I had a couple of donkeys they chased my cattle till they jumped the fence.  That was after several weeks of being together.

The calf was also outside of the fence when it was attacked


----------



## jhm47

I assume that you are concerned more with the maggots than with what to do about the coyote in the future.  

I'm guessing that he has an infestation of maggots living on his skin under his hair, similar to the infestation that sheep sometimes get near their tails/anal areas.  The maggots will continue to irritate the skin and cause the calf to eventually dehydrate and die a horrible death.

If you wish to save your calf, you will need to eliminate the maggots, and some type of systemic insecticide is what you will need.  I would suggest washing him off as well as possible with soapy water, and then using ivomec or dectomax.  These are parasiticides that control both internal and external parasites.  Some other kinds of wormers are only internal, and will do little to kill the maggots that are external.  I realize that you are trying to be orgainc, but this is VERY serious for your calf.  You must do this ASAP, or the maggots will prevail.

It would also help to get the calf inside, away from the adult flies that are laying the eggs that hatch into maggots. 

I have had the unpleasant experience of having to treat several sheep that got maggot infestations, and it is most definitely NOT a  pleasant job.


----------



## Ilovecows

I've used a product called, screw worm spray, on maggot infested wounds with other animals before. It kills the maggots and keeps any remaining eggs from hatching.


----------



## jhm47

The screw worm spray would be good to use too, but I've not been able to find it lately.


----------



## West Wind Acres

Last night we washed the calf the best we could removing most of the maggots, until it was shivering very bad.  We dried him and then applied blu-kote.  I returned him to his mom he nursed as soon as he returned.

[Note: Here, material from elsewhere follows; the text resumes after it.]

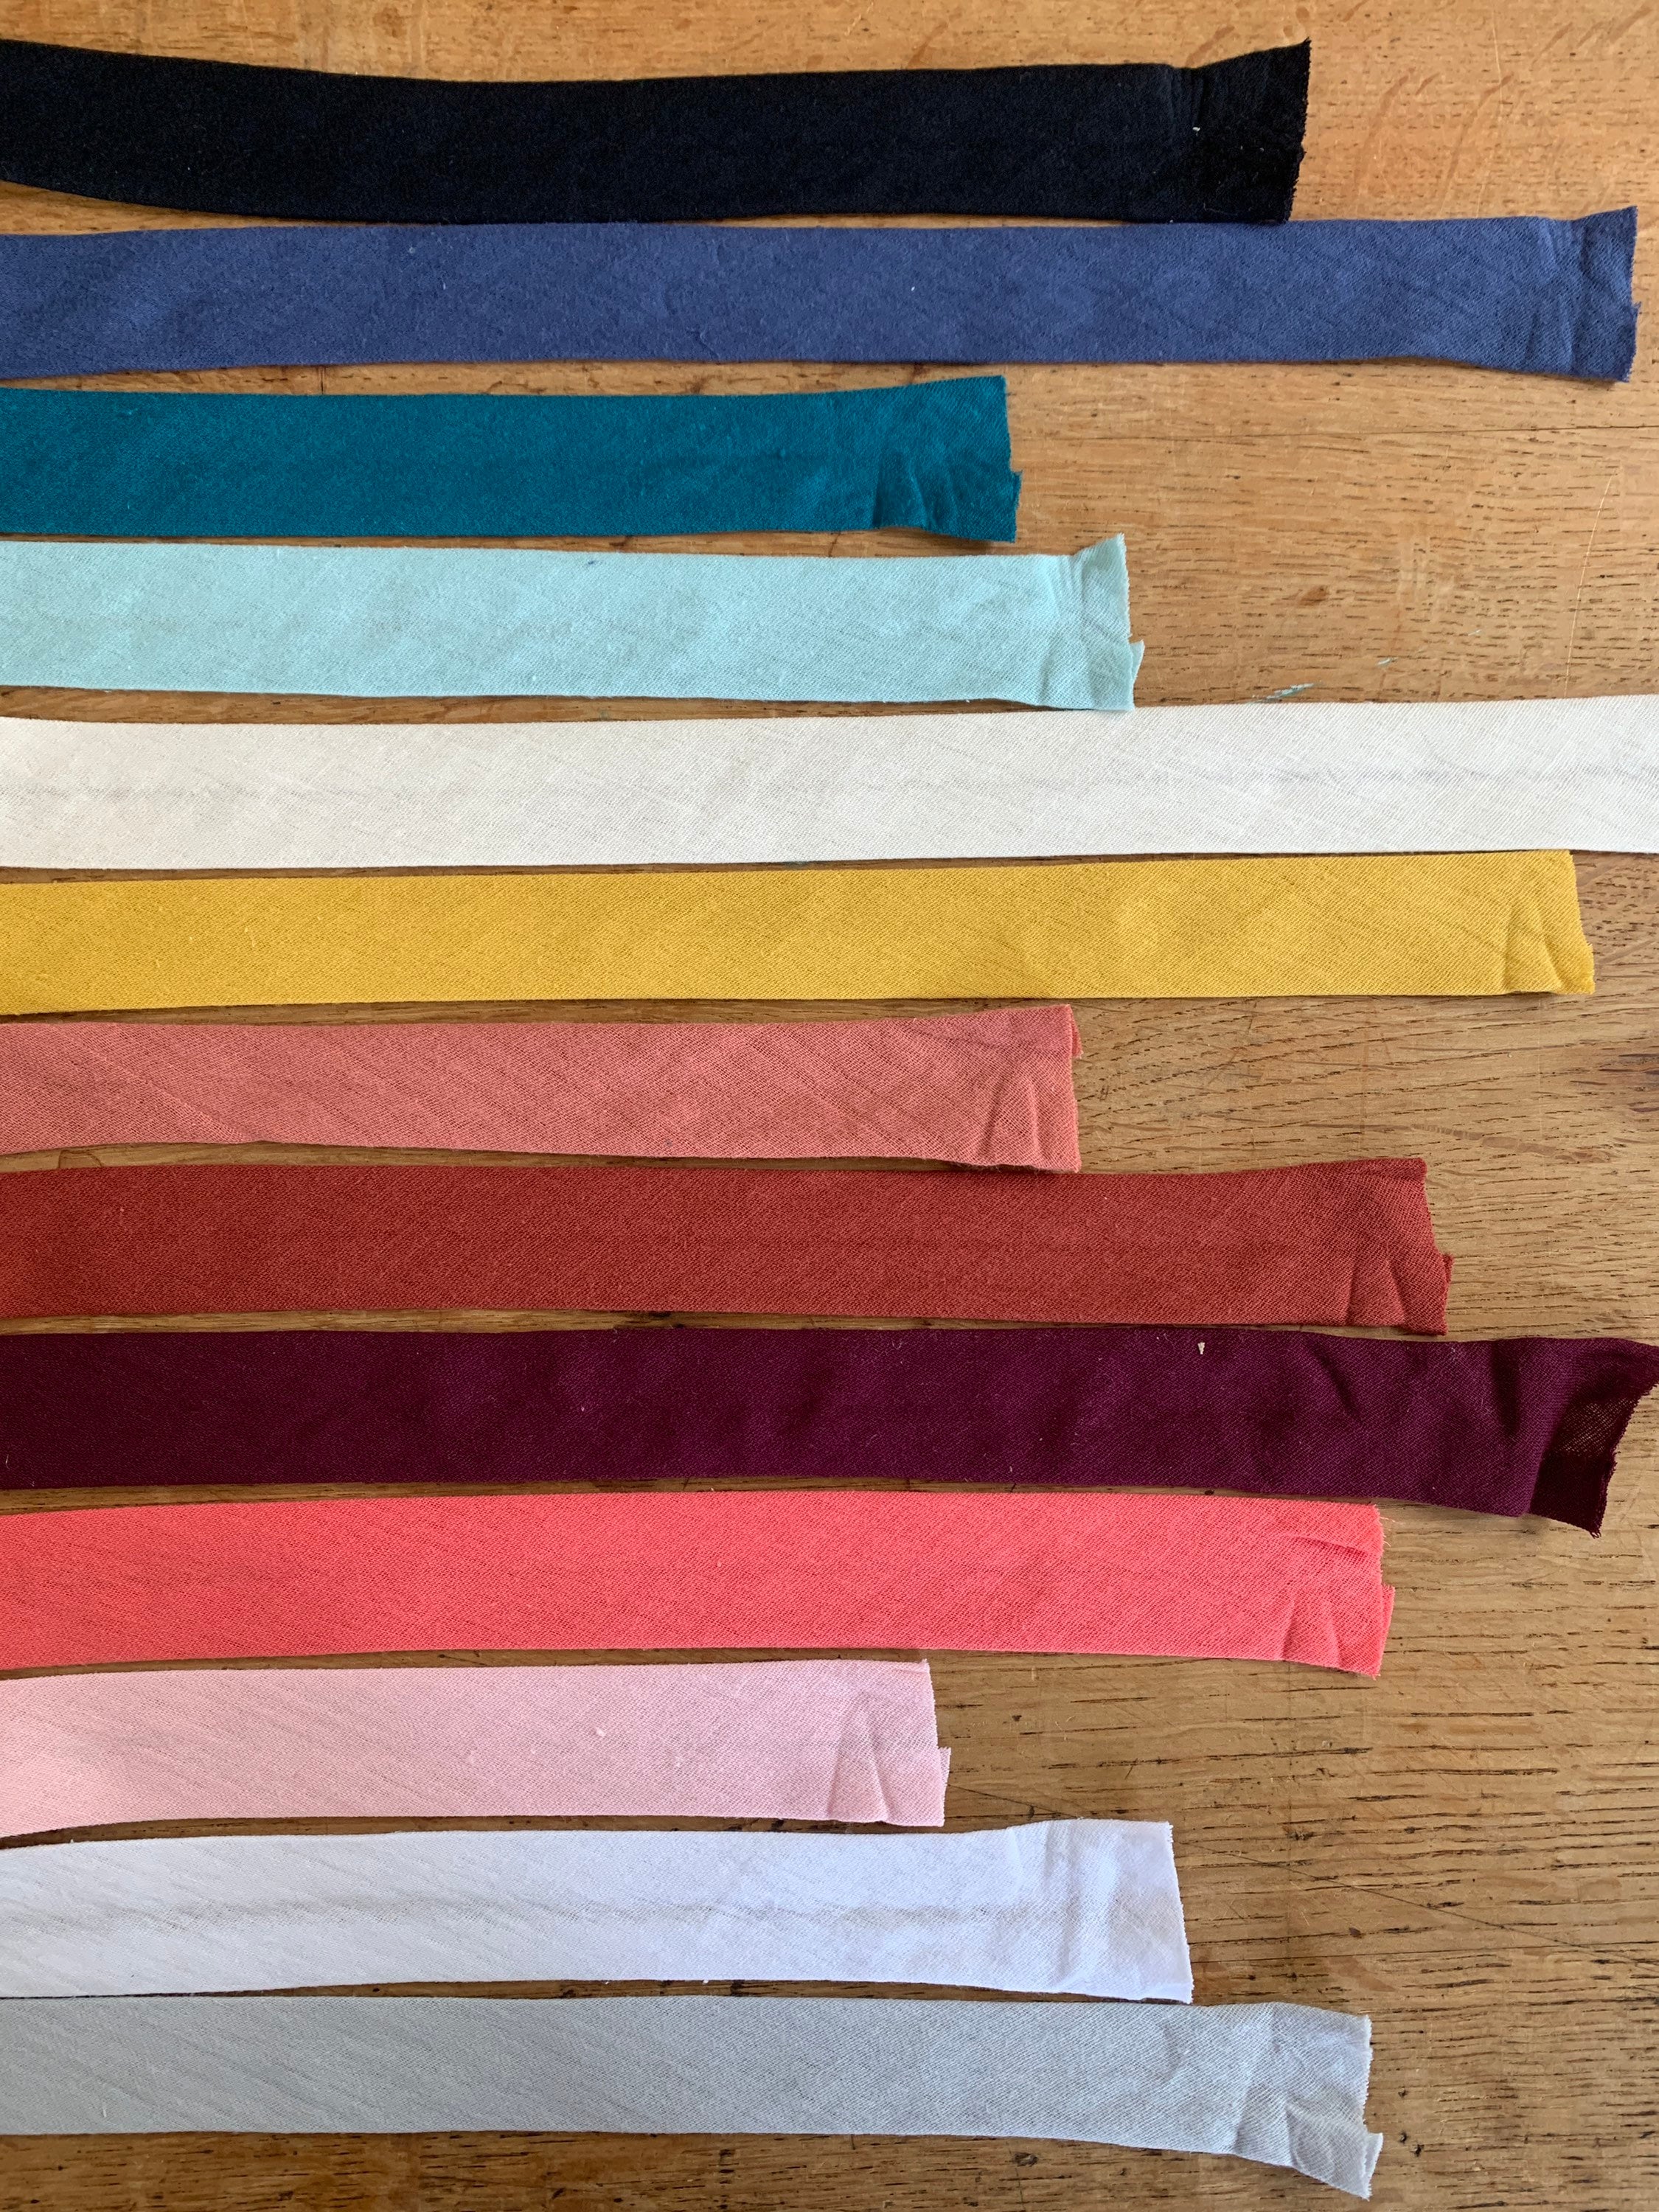 Bond Narrow Fabrics has the line of Twill tapes & more to fit your needs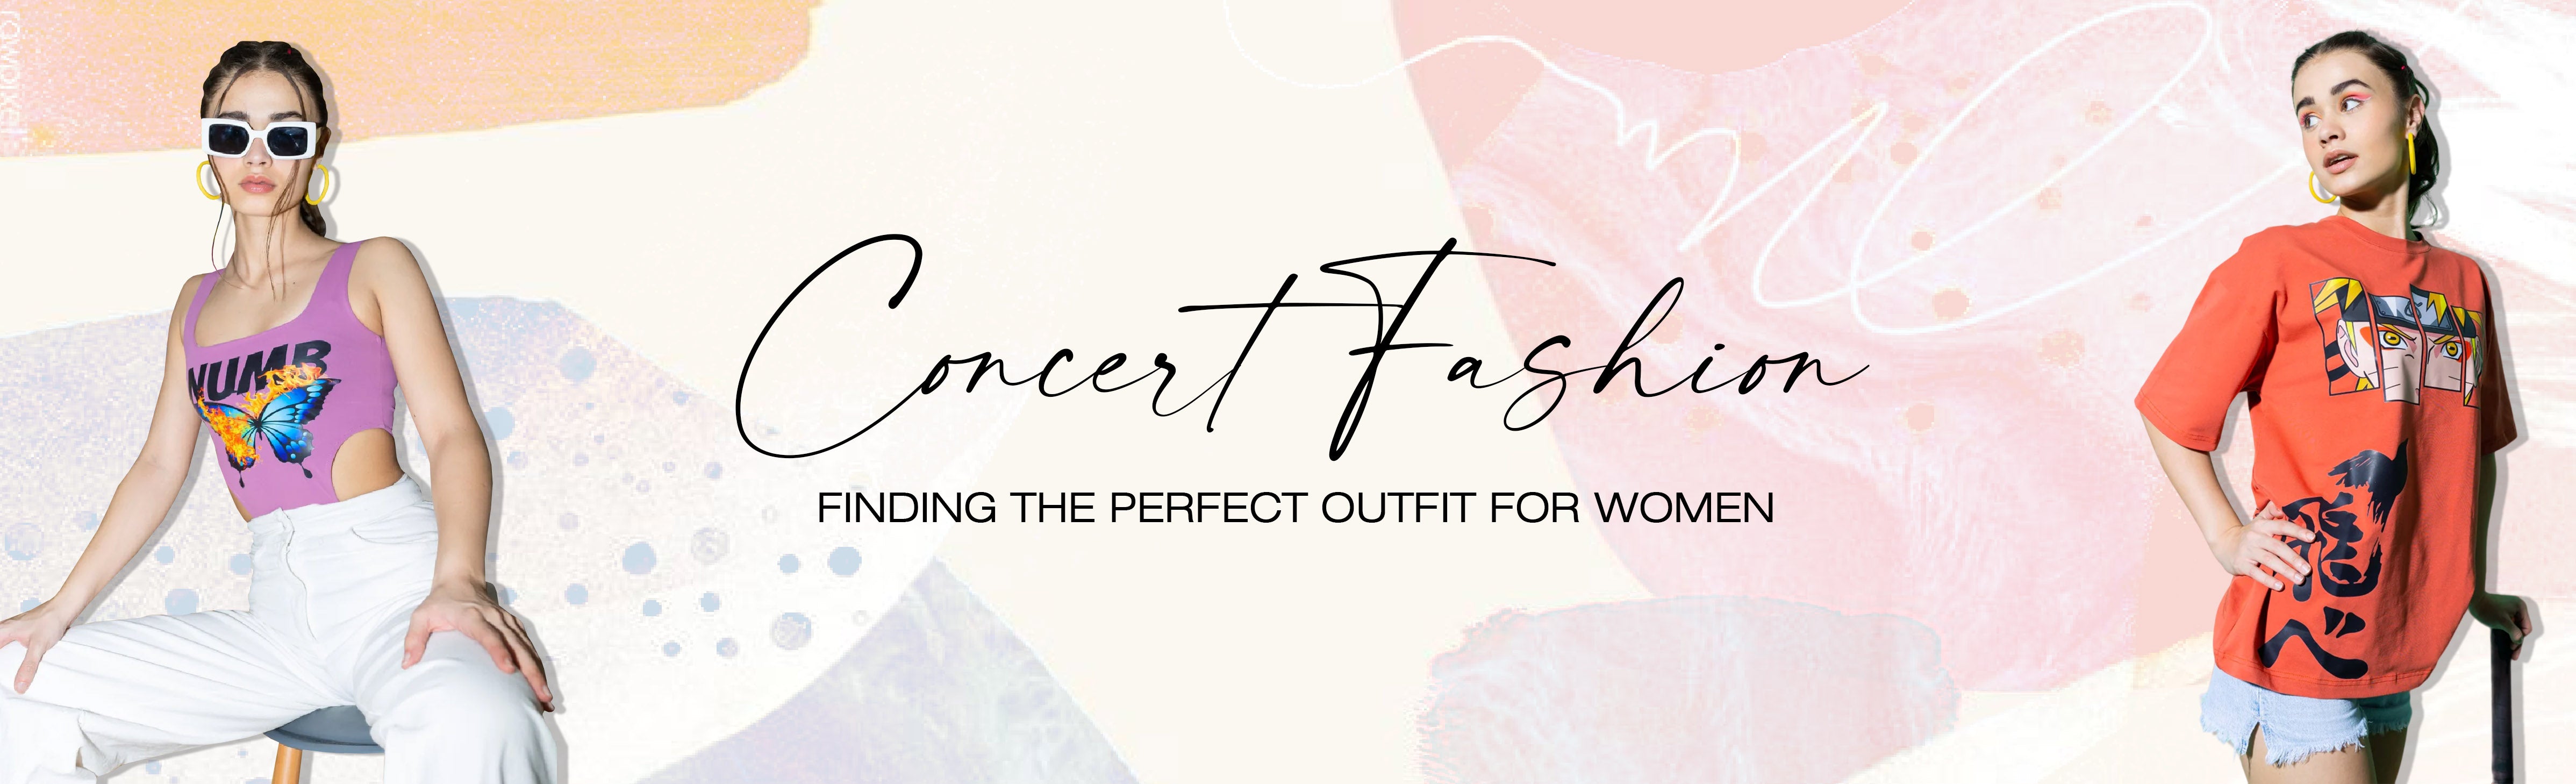 Concert Fashion: Finding the Perfect Outfit for Women

This morning I applied another blu-kote again, he did have fresh maggots but no where near as many.  I also dusted him with diatomaceous earth.

I will administer ivomec this afternoon, wash him again and give him another application of blu-kote.  

Any idea where to find screw worm spray?


----------



## aggieterpkatie

Try looking at farm supply stores.


----------



## amysflock

Hi there,

Sorry to hear about your coyote attack. This normally only occurs with Highlands when, as in your situation, a calf gets outside of a hot fence away from mama. Sounds like mama did the "normal" Highland thing and moved quick to help her baby.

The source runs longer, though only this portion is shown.